Friday, 28 October 2011

ECCO-TCP and the Future of Junk OCR

More than two years ago I predicted (here) that the clean texts generated by ECCO-TCP (Eighteenth Century Collections Online Text Creation Partnership) would eclipse the sort of junk OCR texts generated by the mass low-resolution scanning of books (Google Books) and high-resolution scanning of microfilms (ECCO, EEBO, Burney etc). Sadly, it looks like I was wrong!

Mandell is undoubtedly right: proprietary but junk OCR of the variety that has been thus far generated by mass microfilm scanning projects is doomed. Only clean, open-access texts will be used, copied, swapped and survive the myriad hardware and software changes of the coming decades; changes that will inevitable consign ECCO to an even dingier corner of the library than that presently inhabited by microcard readers.

Last month, Rebecca Welzenbach (the TCP Outreach Librarian) gave a conference paper under the title "Making the most of free, unrestricted texts–a first look at the promise of the Text Creation Partnership" (available in pdf here). Welzenbach explains that "ECCO-TCP simply never took off in the same way that EEBO‐TCP did. We could not garner enough support from partner libraries to keep it going, and so in 2009, we had to call it to a halt."

The funding model for ECCO-TCP (like EEBO-TCP) was for [1] database owners to grant use of page images; which were [2] "manually keyboarded" and encoded. This work was paid for by partner-libraries who [3] gained immediate access to the text, but could not distribute the same for five years so that the publishers could [4] sell access to non-partner libraries during that time.

According to Welzenbach only "a small number" of partner-libraries signed up, Gale wasn't able to sell the texts, and so almost nobody had access to them. By mid-2010 the ECCO-TCP was wound up and over two thousand texts were released to the hoi polloi.

There are various ways of gaining access to these files (listed here). I tried and gave up on a few sites (including 18thConnect, the first site mentioned by Welzenbach), but I can strongly recommend The ARTFL Project website hosted by the University of Chicago (here).

If you search the ECCO-TCP text files for "Eliza Haywood" for example you get a list of 41 results, giving a snippet of text with a series of links offering you links to the page, paragraph, SubSect[ion] and Section; this is followed by a "Results Bibliography" that links to each text.
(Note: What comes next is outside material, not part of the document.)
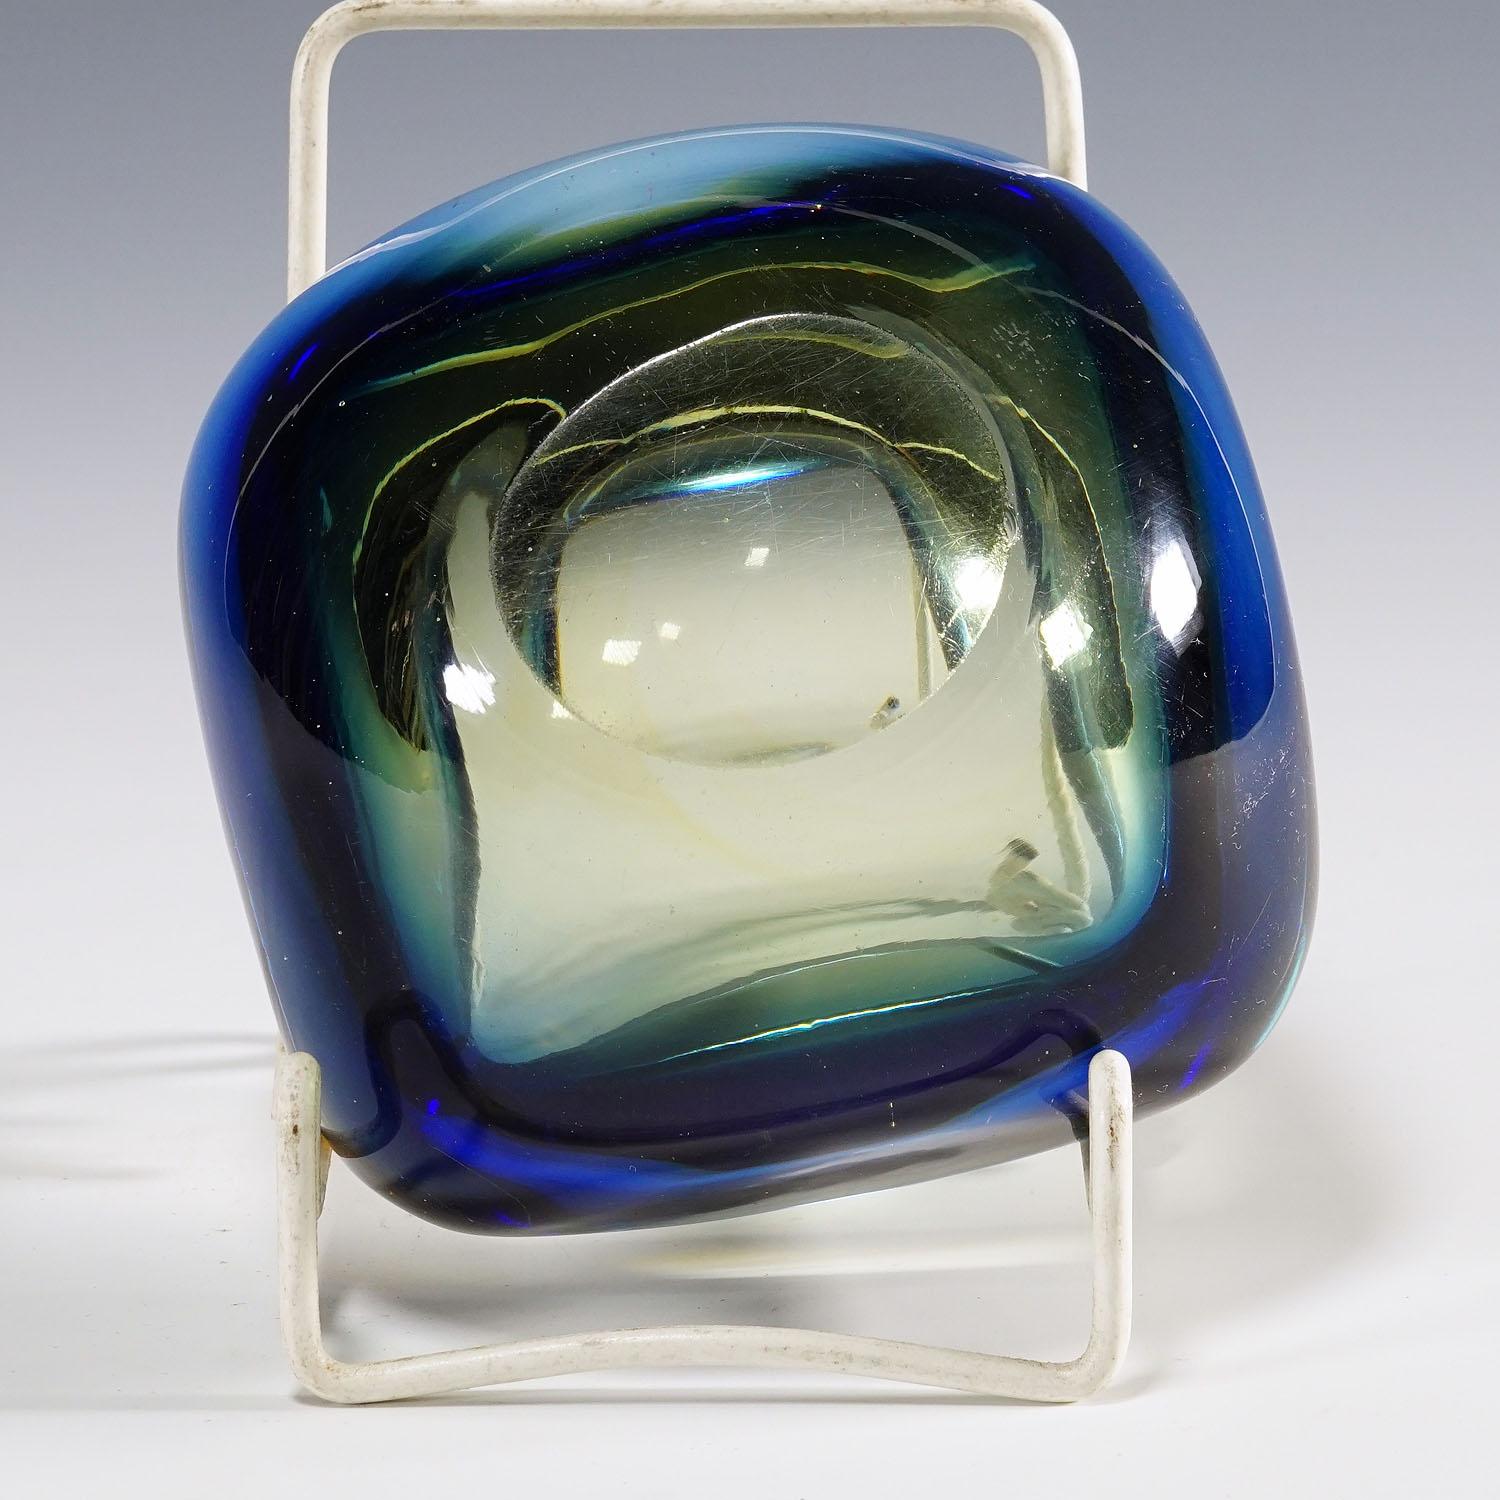 Midcentury Modern Murano Blue and Yellow Sommerso Art Glass Bowl 1960s For Sale 2
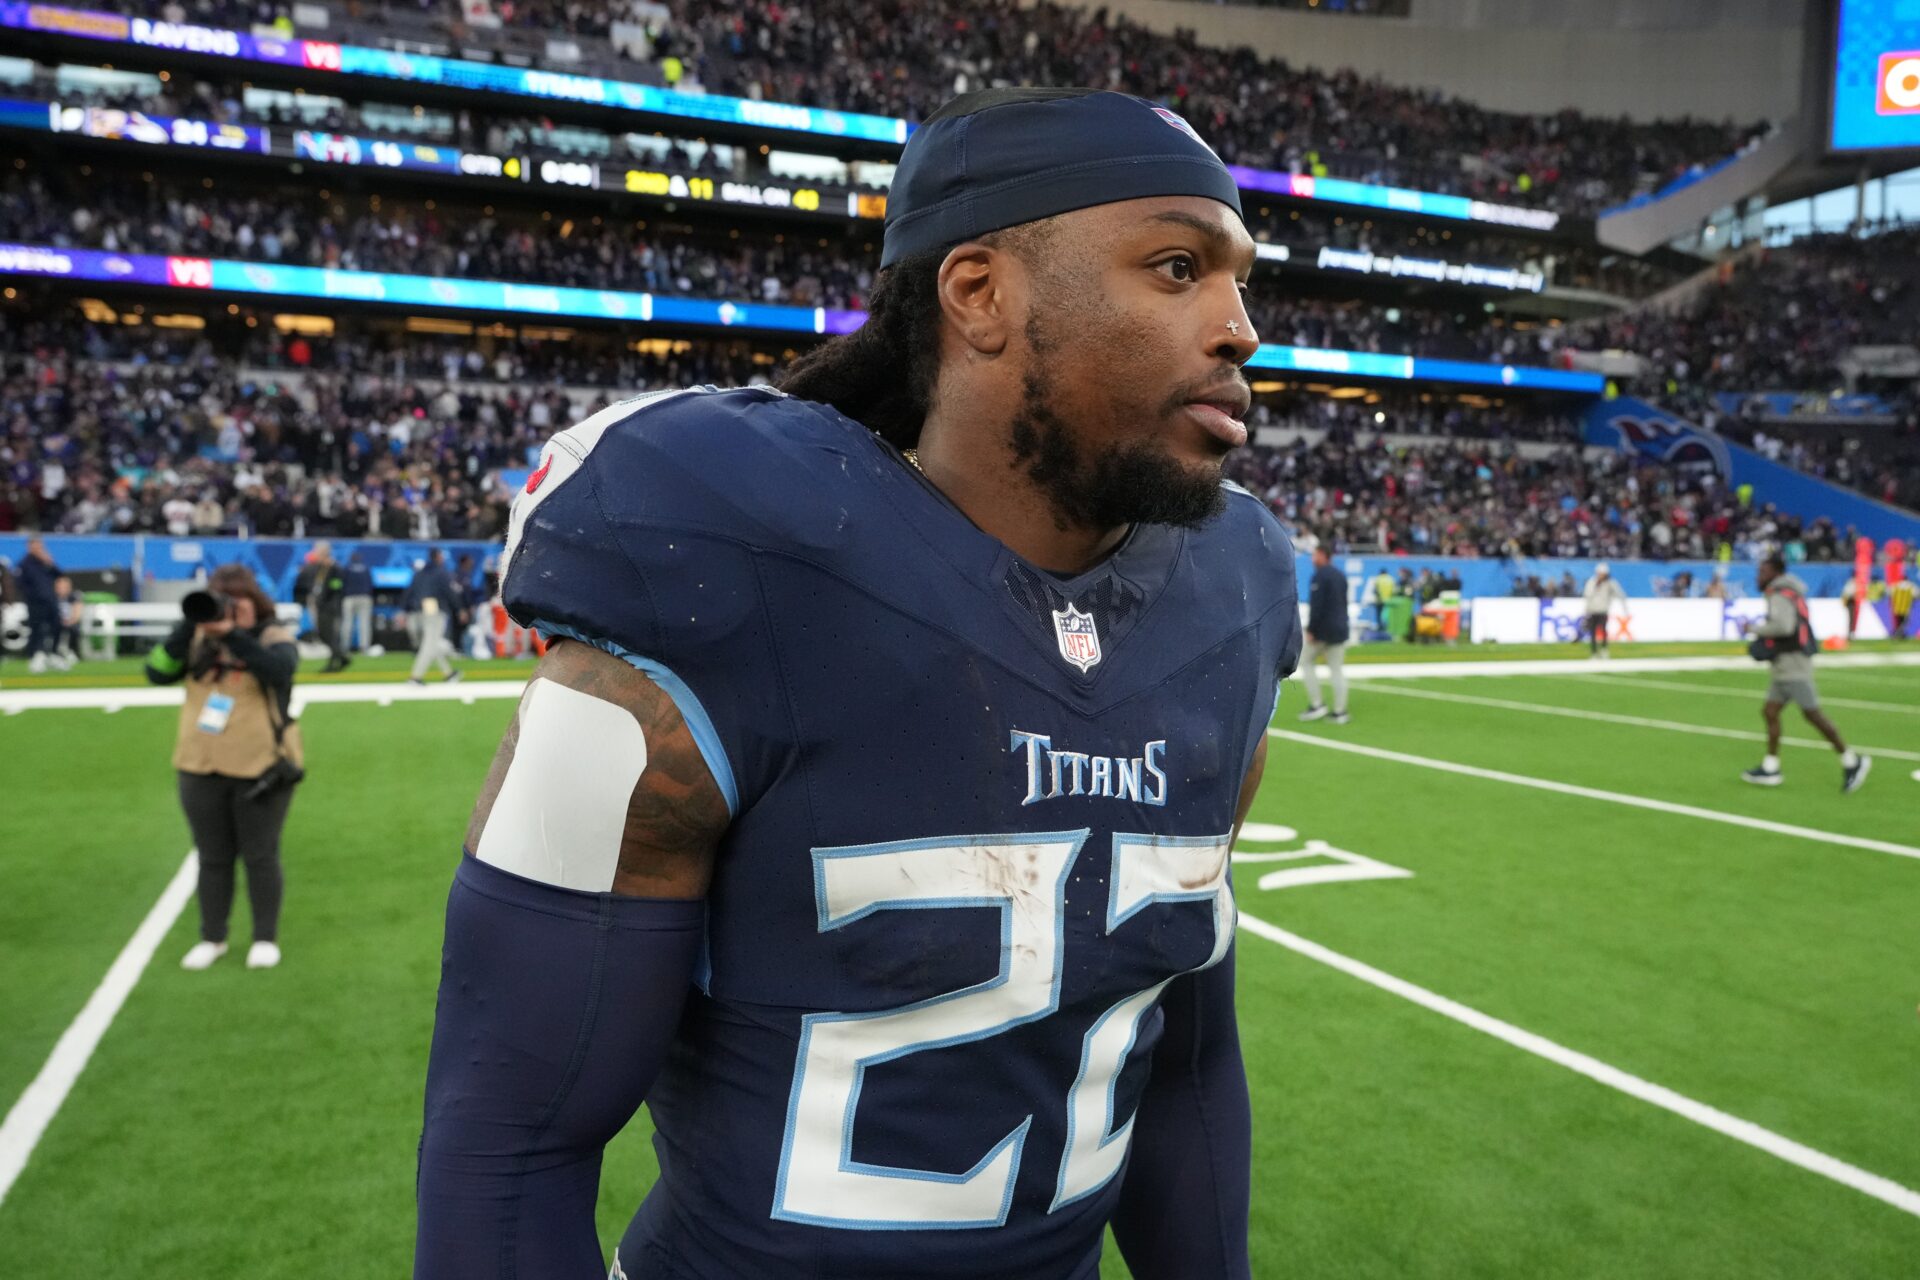 Tennessee Titans running back Derrick Henry (22) leaves the field after an NFL International Series game against the Baltimore Ravens at Tottenham Hotspur Stadium.

Follow the link to an item in the bibliography and you get an index page for that text allowing you to browse the text.

The quality of the transcripts is quite high (some punctuation marks are missed and lines, and occasionally words, are broken that ought to run on), so it is very disappointing that there are no Haywood texts.

Returning to my rash prediction: was I right to predict that high-quality texts like these will triumph over the junk OCR offered by Google Books (for free) and ECCO (for a fee)? I am still inclined to think so, though this particular funding model failed.

ECCO is a lot larger than EEBO and there is (frankly) a lot more chaff in it, or the chaff is less interesting than that from the fifteenth, sixteenth and seventeenth centuries. Also, although the texts selected seem to be representative, they are also, for the most part, a rather predictable and less interesting lot of texts than they could have been.** So, it is possible that ECCO-TCP failed to find a market (and partners) simply because the text selection was dull and uninspiring.

**Not only are there no Haywood texts, there appears to be little early prose fiction, and few or no "secret histories," novels, or romances. The fact that 12 of the 41 results in my Haywood search are from Richard Savage and Alexander Pope alone is consistent with a similar search of eighteenth-century texts on Google Books.

Also, although EEBO-TCP has been successful, I personally think the publication model is faulty: getting big bucks from big institutions is always going to be difficult, particularly at present. And the bigger the contribution demanded, the more elitist the project becomes, the more sparsely populated the ECCO-TCP user-space is bound to be.

Personally, I prefer a wiki-style publishing model and I'd think it would be more successful with a project like this. That is, ECCO needs to create an interface that allows all subscribers/registered users to edit and correct the raw OCR, transcribed and beta texts. The amount of editorial work that people are prepared to do for free is astonishing, and a project of the size of the ECCO-TCP needs to harness the skills of tens of thousands of users to ever be completed.

Obviously, ECCO would benefit from having corrected texts to search and if the texts (and the opportunity to correct them) were only accessible to ECCO users it could not diminish their subscriber base. In fact, the more the access fees were reduced, and the subscriber base increased, the faster the editing of texts would proceed, to the benefit of everyone involved.

Of course, a similar course of action is open to Google Books, who would benefit from advertising revenue, though Google would need a lot more policing of edits (like there is on Wikipedia) given the difficulty of limiting access to users with the necessary level of education/literacy and/or to prevent malicious edits, spamming, flaming etc.